When should I start planning for an IPv6 deployment? – Article #2

In IPv6 Article 1 we explored the current rate of adoption globally for IPv6, and made the conclusion that yes, its real and will be mainstream within 4 years. This raises the obvious question of “when do I need to start planning?” & of course, the answer is “it depends”

  1. How big is your enterprise will determine how long an implementation may take – you can work backwards from there…
  2. Where do you need v6 initially – the edge, the core? there are several common deployment models that depend on your specific needs?
  3. What IPv6 services do you see yourself offering to your clients, or your own business?
  4. Do you have the base requirements in place i.e. addressing plans, IPv6 prefixes, V6 policies and standards?
  5. How complex is your environment – do you have dual ISP connectivity for example and will need a highly available provider independent address space to route?

The above are a few of the questions you will need to answer in the early stages of planning.

A good place to start is with point 4 – which is essentially proper planning. A lot of organisations sort of skip this step which of course will lead to a broken implementation and higher costs down the line. Some of the elements required here should be;

  1. Apply for your v6 prefix from your RIR, and your BGP ASN if you will need one (hint, get one)
  2. Design your v6 IP schema and address plan – sounds simple? its not…
  3. Update your IPV4 Security Policies to include this new Protocol. IPv6 schemas can be used to enforce policy on bit matching or this could be a good time to start considering your next-gen firewalling strategy, based on user authentication policy enforcement and move away from static and hard to scale / manage IP address based policies.
  4. Determine your v6 standards, and create a procurement checklist to ensure all new network devices can transport v6 as needed (think PIM-v6, OSPFv3 ,BGP address-families etc.)
  5. Plan for the network services that will need to be enabled as well, this will cover at least IPv6 DNS & DHCP services

If you cant tackle that yourself, as you probably wont have the skills yet – then go get yourself some consultancy to get you going – it will be worth the investment in the long run.

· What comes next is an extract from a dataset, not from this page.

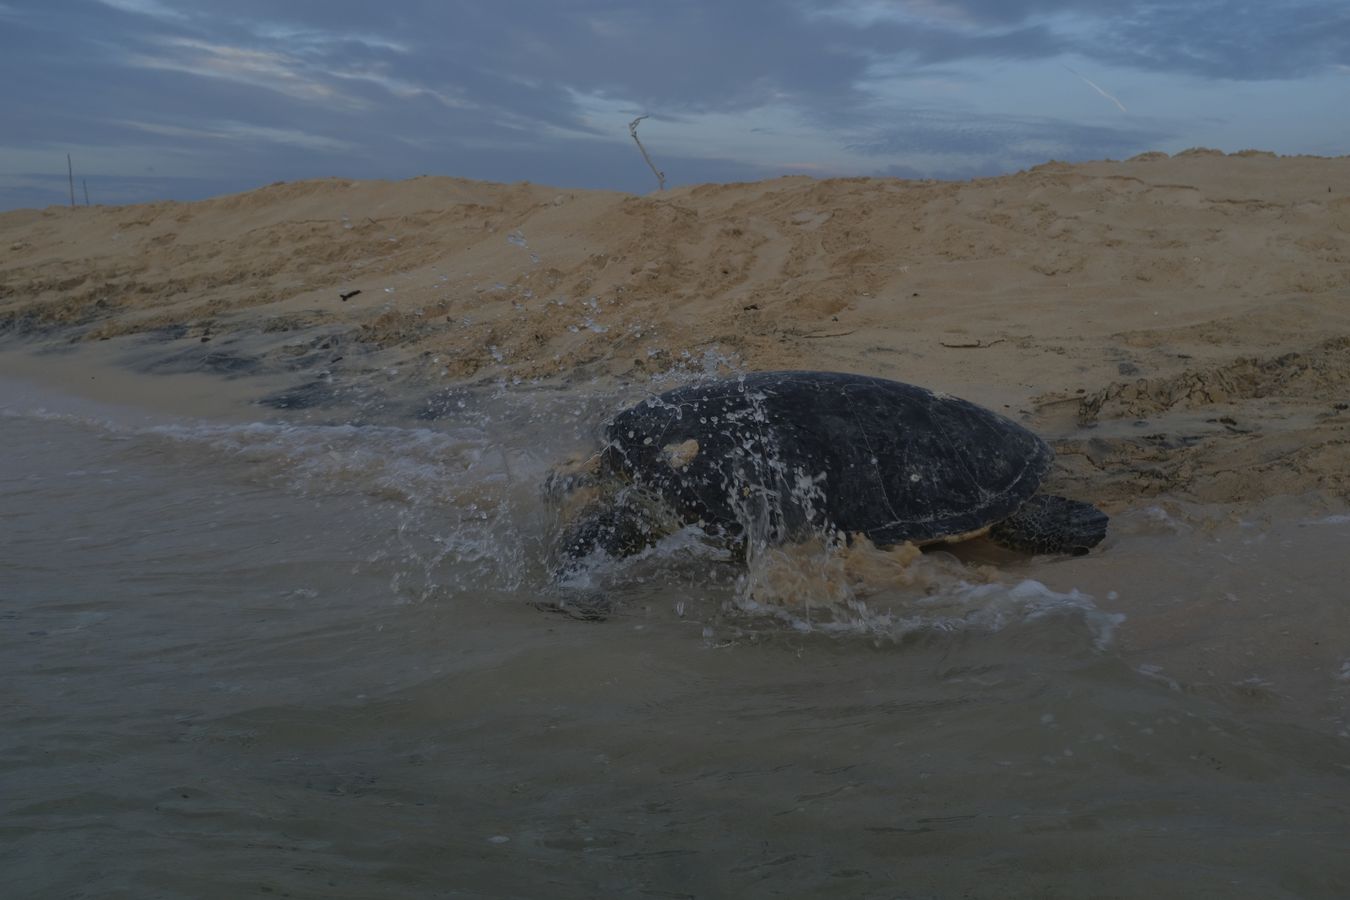 Early in the morning a green turtle enters the ocean after laying its eggs on the beach.

There’s a lot to cover to even go over the high level steps and considerations for your long term IPv6 deployment strategy – in the next article we will assume your planning is completed and take a look at how you can roll V6 out in a controlled manner.

 

Will IPv6 actually ever take off? – Article #1

I am going to write a series of articles on IPv6 in the coming months. The first will be to look at the adoption rates for IPv6 and ask the question – “is IPv6 actually ever going to take off?”

Following on from this post I will post some articles on timing and triggers and then some practical advice on how you would go about actually deploying IPv6 in your environment.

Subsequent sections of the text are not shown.